The justices were not available to discuss the new order this week due to oral arguments on unrelated cases, Massey said, but they have previously described the new program as a way to keep tenants housed and make landlords whole. 

“The goal is to negotiate a settlement acceptable to property owners and renters, allowing people to remain in their homes while fairly compensating the property owners through emergency rental assistance,” Chief Justice Michael Vigil said Jan. 4 in a news release announcing the changes.

The new process gives landlords and the tenants they’re trying to evict the choice to enroll in the diversion program. If they agree, the judge delays the hearing for 60 days and gives both parties time to come to an agreement. Both parties are given information about the $170 million Emergency Rental Assistance Program, which pays landlords rent owed on behalf of tenants. 

But Martinez questioned why any landlord would find it valuable to wait 60 more days to evict their tenant for non-payment. Most or all, by this point, know about the rent assistance program, he said, and many of them will have in their hands a signed eviction order, one that was suspended during the stay but now would likely be re-issued. 

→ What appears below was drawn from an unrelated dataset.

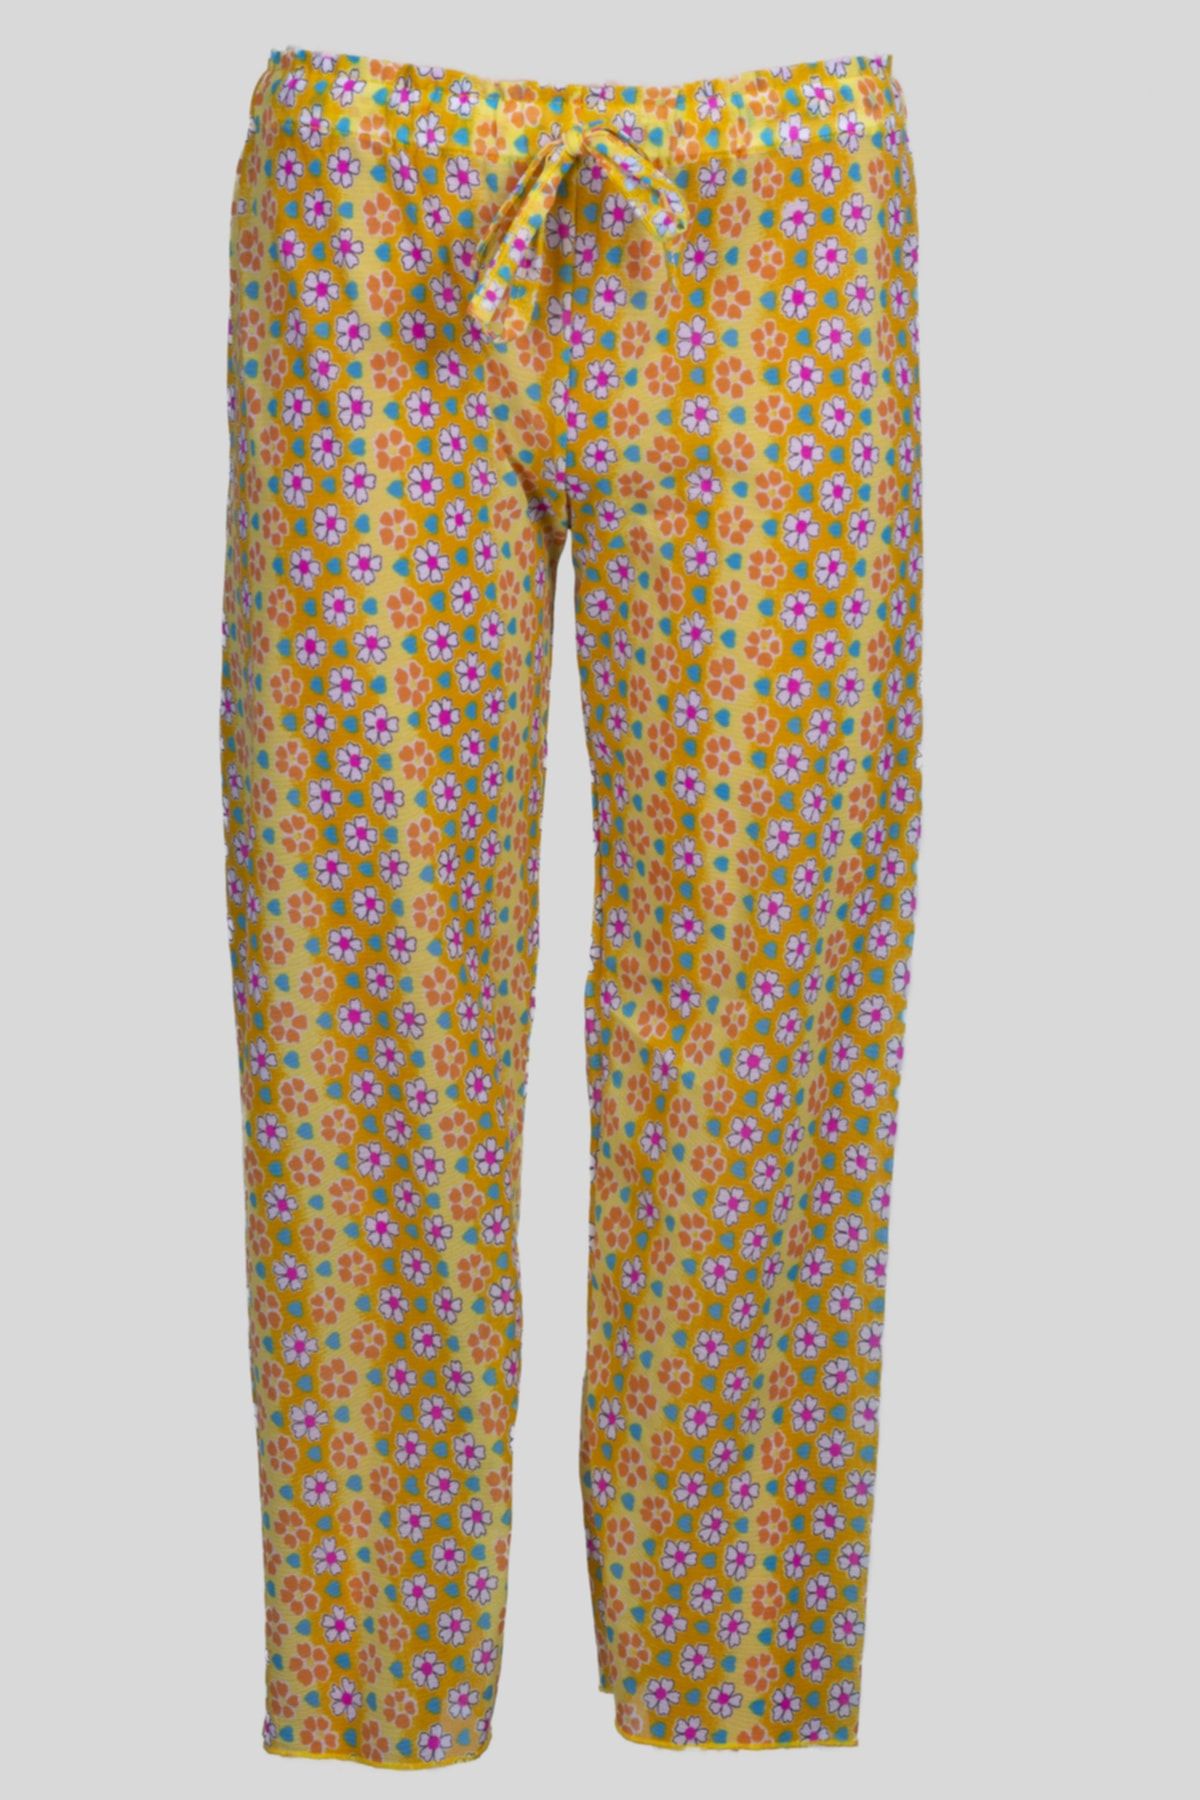 Sude Ayl Kız Çocuk Kk.sarı Kelebek Ve Çiçek Desenli Belden Bağlamalı Tül Deniz Pantolonu 168-32

Many landlords also refuse the rental assistance — which they’re allowed to do by law — because a hot rental market makes it more valuable for them to evict their current tenant and find a new one at higher rent. 

Landlords refuse emergency rent money and Section 8 vouchers

That said, Martinez said he likes certain features of the new order, like the requirement that tenants be informed of their rights when an eviction is filed. It also allows tenants for the first time to request that the proceeding in magistrate or metropolitan court be documented, which can help with future legal defenses or the tabulation of eviction statistics statewide. Numbers on evictions in New Mexico have been notoriously difficult to come by, advocates say.

And, Martinez said, he most appreciates the court’s willingness to “take the bull by the horns” and implement the stay on evictions in the first place. It was always unusual that the courts, not the state Legislature, would be in charge of creating and fine-tuning a policy to prevent evictions, he said. In many other states, governors issued executive orders or legislatures passed finely crafted laws that spelled out different protections for tenants. 

But in New Mexico, where a volunteer Legislature meets for just 30 or 60 days at the beginning of the year, it was left to the court to come up with a quick solution, one justices likely thought temporary 661 days ago, Martinez said. 

“It was always an imperfect remedy. And it’s the kind of thing where it was a good stopgap, but should have been the Legislature was the right place to do it,” he said. “If we’d had a Legislature that was in session, they could have reacted in a different way, and then fine-tuned it.”

The new order is also being phased in at one district a month before it takes effect statewide, which advocates say is a good way to determine any flaws before they result in an eviction disaster. 

Beginning Feb. 1, the order will apply only in the Ninth Judicial District, which covers Curry and Roosevelt Counties. It will take place statewide at an unspecified date in March, according to the order. 

Brie Sillery, a spokesperson for the New Mexico Coalition to End Homelessness, said she’s not sure if now is the appropriate time to end the eviction ban, with high case counts due to the omicron variant, rising homelessness and an uneven economic recovery. 

She said she also would have preferred perhaps that the court wait until after the upcoming legislative session to see if the lawmakers approve additional protections for tenants trying to scrape together rent as the pandemic reaches its second year.

“I think that that would have been maybe a little more strategic,” Sillery said. “But it could also really provide the pressure as well, because we need this legislation in the long term for long-standing change.”